奇抜な自己紹介をしたことを咎める意味で僕は振り返ると、それどころではないものが目に入った。
「おい…。オスカー、パティ。もう妖精の園を出たんだからそれは脱いでいいんじゃないか?」
ヘルメットのバイザーは下ろしていなかったが、それでも身に着けている服は真っ黒な防護服、レジスタンス。十分怪しいと言える服装だった。
「それはどうだろうか。今はこの州の王様とやらの元へ向かうのが先決ではないだろうか」
オスカーは何食わぬ顔で僕にそう指摘する。
「いや、その格好で王様と会うのはさすがに失礼だと思うんだ」
「兄者。マスターの言う通りだ。会うのが王様ともなれば脱帽は必須」
「なっ。確かに…!マスター。この俺の察しの悪さを許してくれ」
「うん。いや、まあ、そうなんだけど、脱帽したついでに服の方もいつもの服に戻してもいいんじゃないかと思うんだ。ほら。正装ってことだよ」
「そうするべきなのだろうが、しかし今俺達は着替えを持っていない」
オスカーからの指摘を受けて僕は諦めそうになるが、すぐにノラが数秒前に言っていたことを思い出す。

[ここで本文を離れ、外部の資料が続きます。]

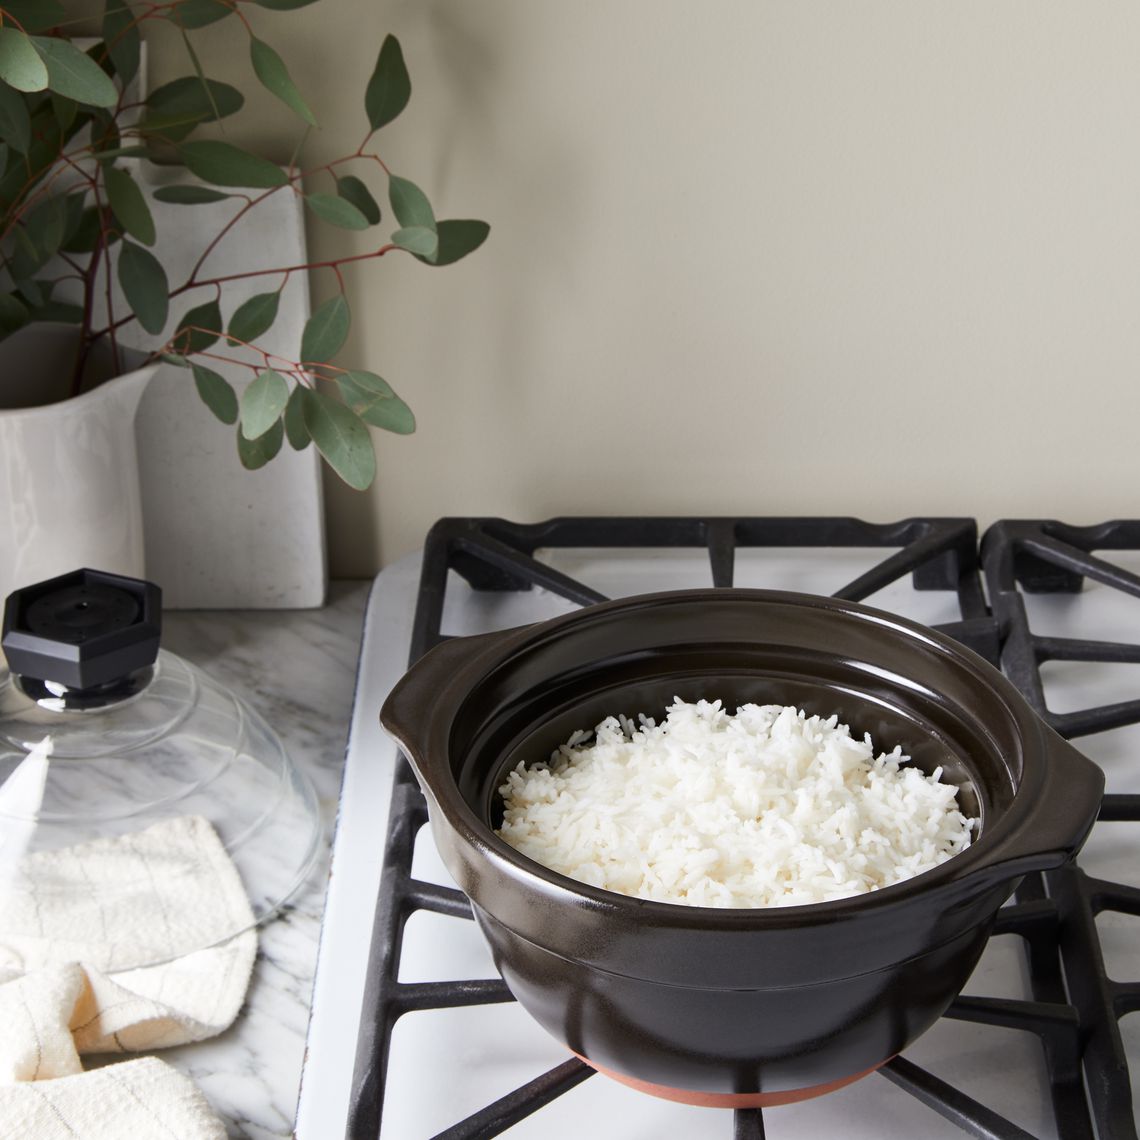 Hario Japanese Rice Cooker Pot, Heatproof Ceramic

「ノラ。お前の魔法で2人を着替えさせることはできるよな?」
「当たり前でしょ。待ってなさい…転送魔法、術式『鳳仙花』」
ノラの手から2人の体を包めるくらいの大きさの魔力の球体が放出され、瞬時にオスカーとパティの服装がいつもの黒ずくめと白衣に変わる。
「今のは転送魔法に服を着せる魔法を組み込んだ術式よ。今までなら服を転送してから着せてたのを、転送することで着せることができるようになったのよ」
そしてノラは頼んでもいないのに説明を始める。
「な…なんてこった」
歩いていた僕は突如目の前に立ちはだかった壁に激突しそうになる。その壁とはペナテロのことだ。彼は目を見開いてノラを凝視していた。
「お前魔法使いなのか…?」
「魔法使いよりも魔術師って呼ばれる方が気に入ってるけど、その通りよ」
「そうか。魔法を使えるって言ってるやつは今までに何人か見たことあるけど、実際に魔法を見るのは初めてだ」
驚きに見開かれていたペナテロの目は、気のせいか少し輝いて見えた。
「そう。ところで、さっきから私たちの進んでる方向には草原しか広がっていないように見えるんだけど、この方向であってるの?」
「ああもちろんだ。わしは目がよくないから見えないが、あっちの方に宮殿があるんだ。王様はそこにいる」
ペナテロが指さす方に目を凝らすが、僕には何も見えない。
「あれって宮殿なのか」「城だと思ってた」
「宮殿と城は用途の違いによる区別がなされているのみ。外観での判別は困難だろう」
どうやら双子には見えてるようだ。人間より五感の優れたエルフであるオスカーとパティも見えているだろう。
「どんな感じの宮殿なんだ?」
「目測だが、俺達の城よりは大きそうだ」
「屋根が丸い形をしています。…放電装置だろうか、あるいは避雷針か…?中央の建物とそれを囲む4本の棟の頂点は針のようになっている」
「そうか…大きいのか…」
大きいと聞いて頑張れば見えるんじゃないかと思ってさらに目を凝らすが、やはり見えない。
「諦めなさいアーサー。かなり視力を上げて私も今ようやく見えたわ。…それに、この距離を歩くのはさすがに嫌ね。…飛ぶわよ」
視界が歪んだ。慣れた感覚だったので僕は突如目の前に現れた宮殿を落ち着て見据えることができたが、ペナテロはそうではなかったようだ。
パニックを起こした彼をなだめるのにここから少しばかり、僕らは時間を費やすこととなった。